Identificada professora Unicamp suspeita de furtar material biológico

O caso deixou a comunidade acadêmica em choque.

Ambientes universitários voltados à pesquisa científica costumam operar sob protocolos rigorosos de controle e segurança, especialmente quando envolvem materiais biológicos e estudos com impacto direto na saúde pública. Esses espaços são estruturados para garantir não apenas o avanço do conhecimento, mas também a integridade dos processos e a proteção da sociedade.

Instituições desse porte desempenham papel estratégico no desenvolvimento científico, o que faz com que qualquer irregularidade ganhe grande repercussão e seja tratada com máxima seriedade. Foi nesse contexto que uma investigação conduzida pela Polícia Federal chamou a atenção ao apurar o desaparecimento de itens de um laboratório da Universidade Estadual de Campinas.

A operação, realizada na tarde de segunda-feira, resultou na prisão em flagrante da professora Soledad Palameta Miller, de 36 anos, vinculada à Faculdade de Engenharia de Alimentos. O caso envolve o suposto desvio de material armazenado no Laboratório de Virologia e Biotecnologia Aplicada, localizado no Instituto de Biologia da instituição.

Durante a ação, agentes cumpriram dois mandados de busca e apreensão e conseguiram recuperar o material, que foi encaminhado ao Ministério da Agricultura e Pecuária, com apoio técnico da Agência Nacional de Vigilância Sanitária. As autoridades mantêm sob sigilo detalhes sobre o conteúdo recolhido, enquanto investigam as circunstâncias do ocorrido.

A Polícia Federal informou que as apurações podem levar à responsabilização por crimes como furto qualificado, fraude processual e transporte irregular de organismo geneticamente modificado.

A defesa da docente, representada pelo advogado Pedro de Mattos Russo, informou que não irá se manifestar publicamente neste momento, em razão do sigilo judicial. A Universidade Estadual de Campinas também instaurou uma sindicância interna e declarou que está colaborando com as investigações.

Com formação em Biotecnologia pela Universidade Nacional de Rosario, na Argentina, e doutorado pela própria Unicamp, Soledad construiu uma trajetória acadêmica voltada à pesquisa avançada.

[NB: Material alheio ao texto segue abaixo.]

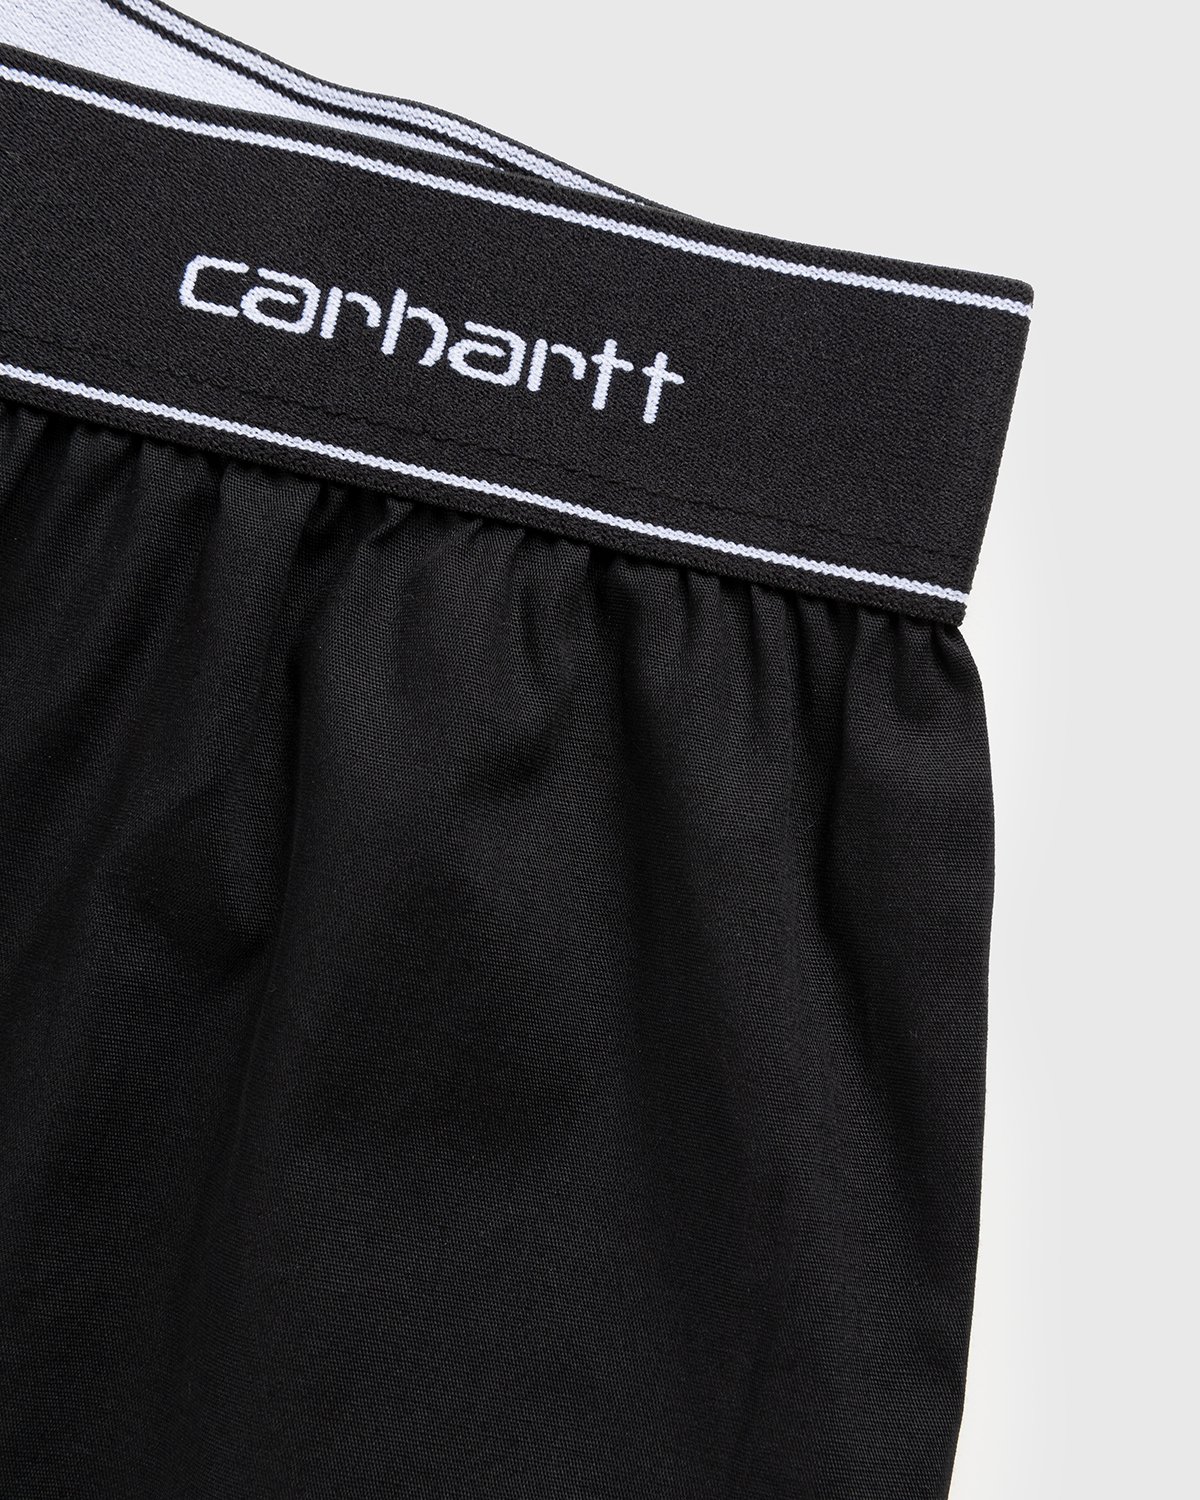 Carhartt WIP - Cotton Script Boxers Black - Clothing - Black - Image 3

Ao longo da carreira, participou de estudos envolvendo vacinas, imunologia, anticorpos monoclonais e diagnósticos laboratoriais, além de projetos relacionados a vírus e vigilância epidemiológica. Atualmente, coordenava iniciativas voltadas ao monitoramento de agentes virais em alimentos e na água, dentro de uma abordagem integrada de saúde.

O episódio levanta discussões importantes sobre a necessidade de reforçar mecanismos de controle em centros de pesquisa, garantindo que protocolos sejam seguidos de forma rigorosa e transparente.

Especialistas destacam que, em áreas sensíveis como a biotecnologia, qualquer falha nos processos pode gerar impactos que vão além do ambiente acadêmico, atingindo diretamente a saúde pública e a confiança nas instituições científicas.

Diante disso, o caso reforça a importância de fiscalização contínua, auditorias internas e treinamento adequado de profissionais, como forma de prevenir irregularidades e preservar a credibilidade da ciência perante a sociedade.